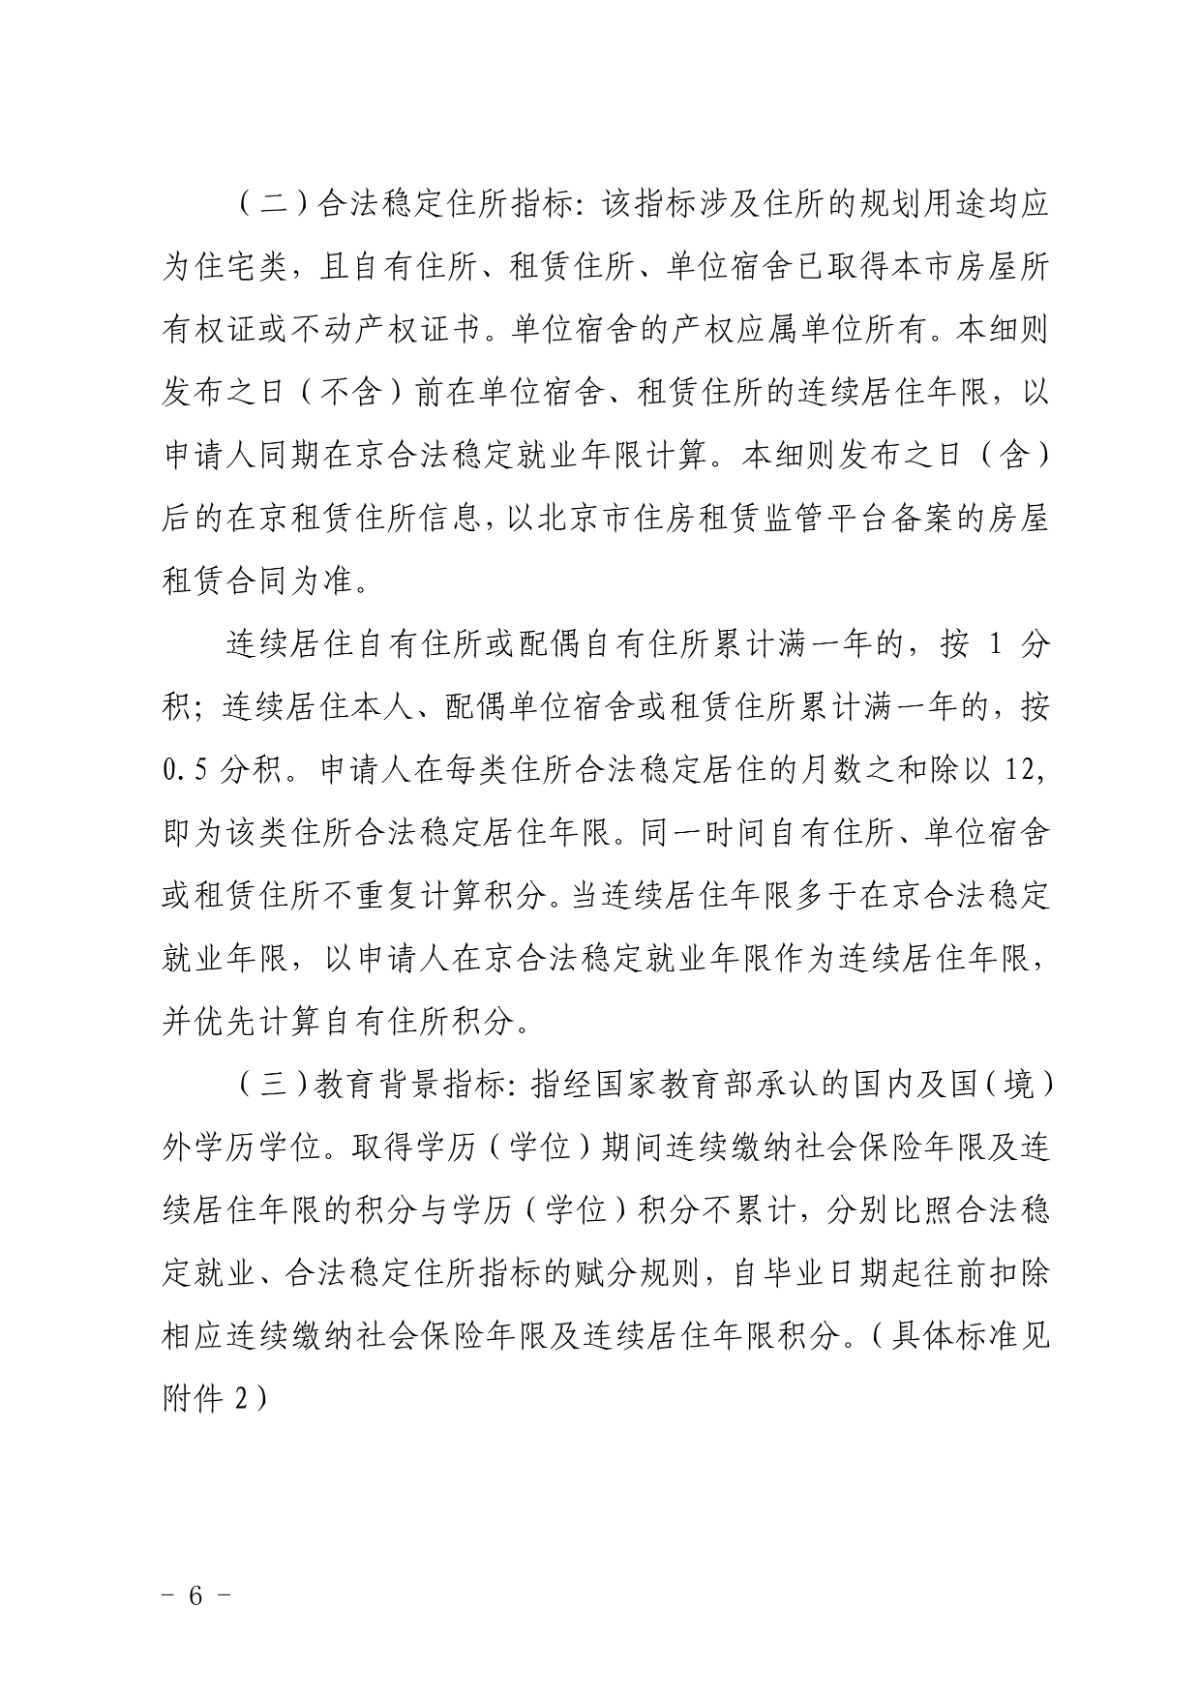 北京新版积分落户政策征求意见稿全文-中国网地产
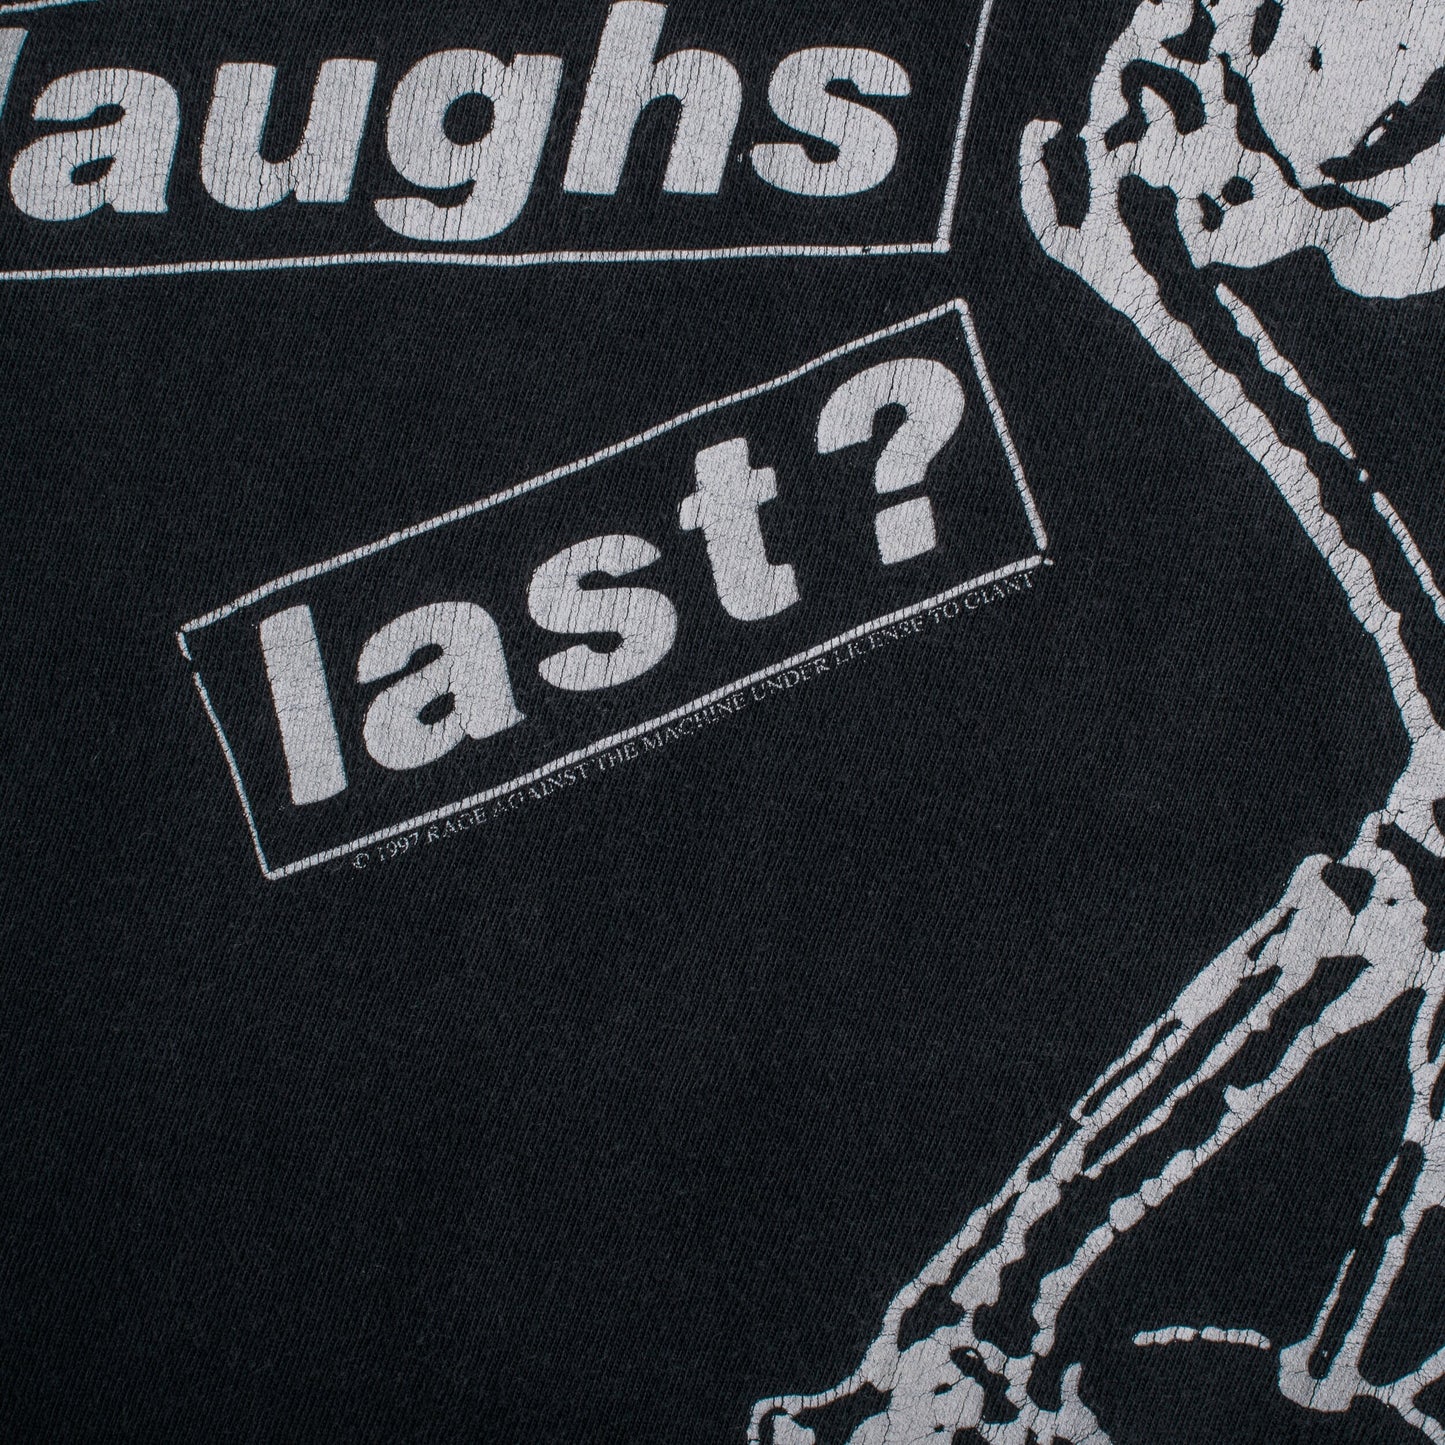 Vintage 1997 Rage Against The Machine Who Laughs Last Tour T-Shirt
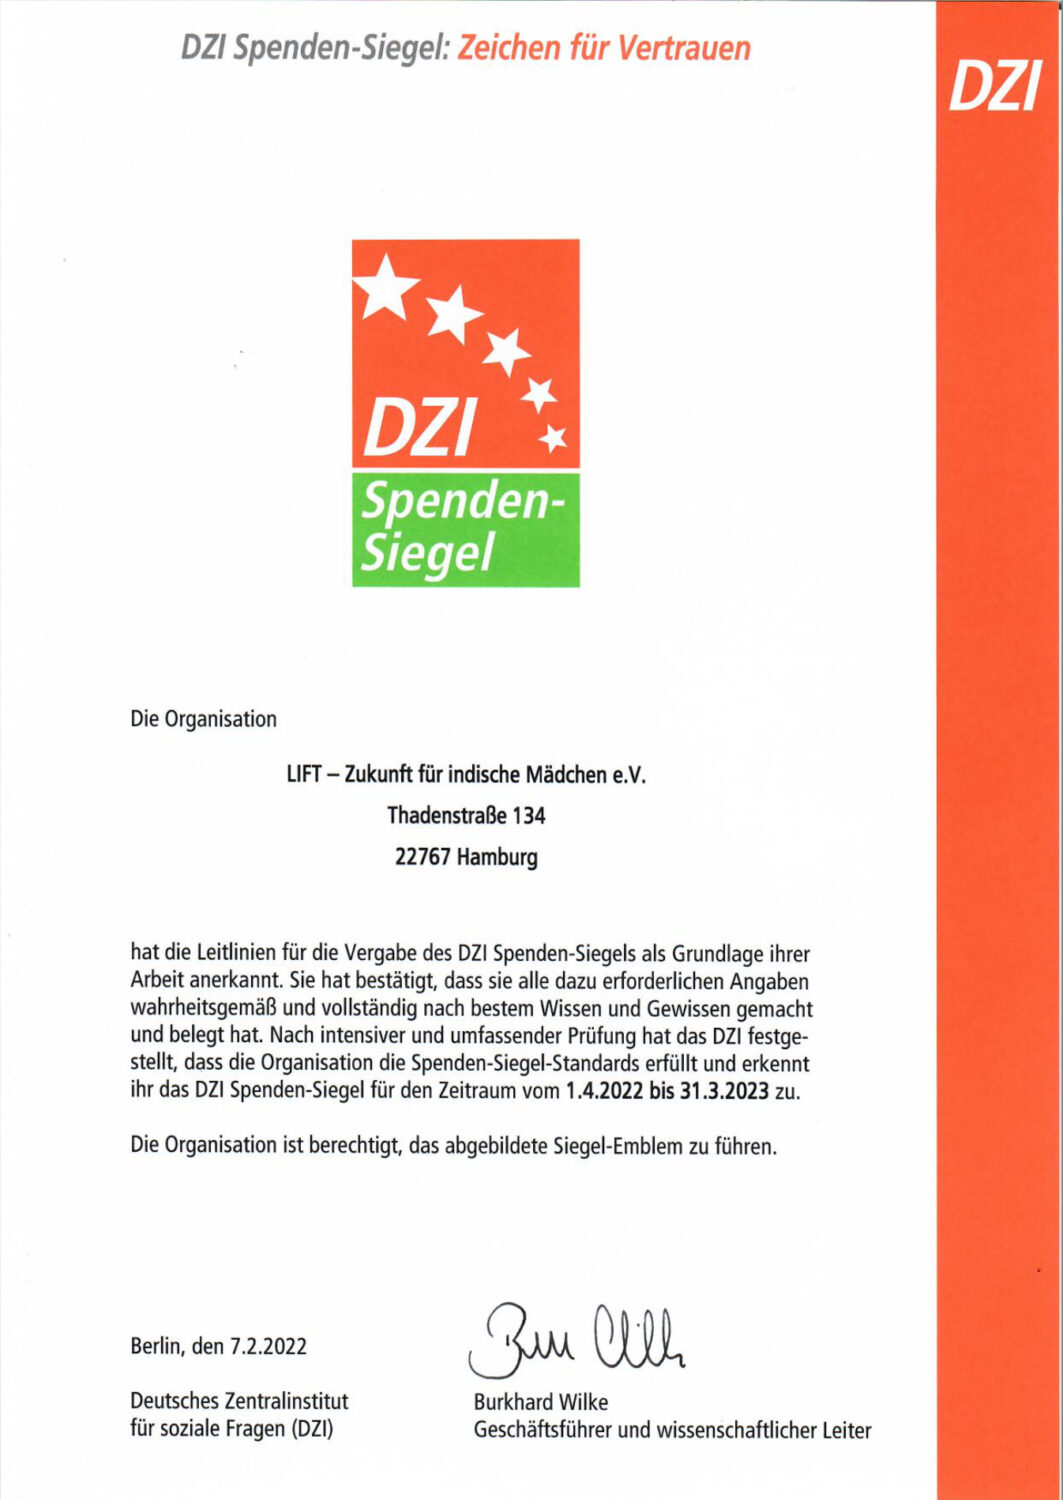 DZI Spenden-Siegel bis 2023 erneuert

Aim of the exercise:
Each line above should be written out again unchanged; no images are to be carried over.

Response area:
 北京新版积分落户政策征求意见稿全文-中国网地产
 Vintage 1997 Rage Against The Machine Who Laughs Last Tour T-Shirt
 DZI Spenden-Siegel bis 2023 erneuert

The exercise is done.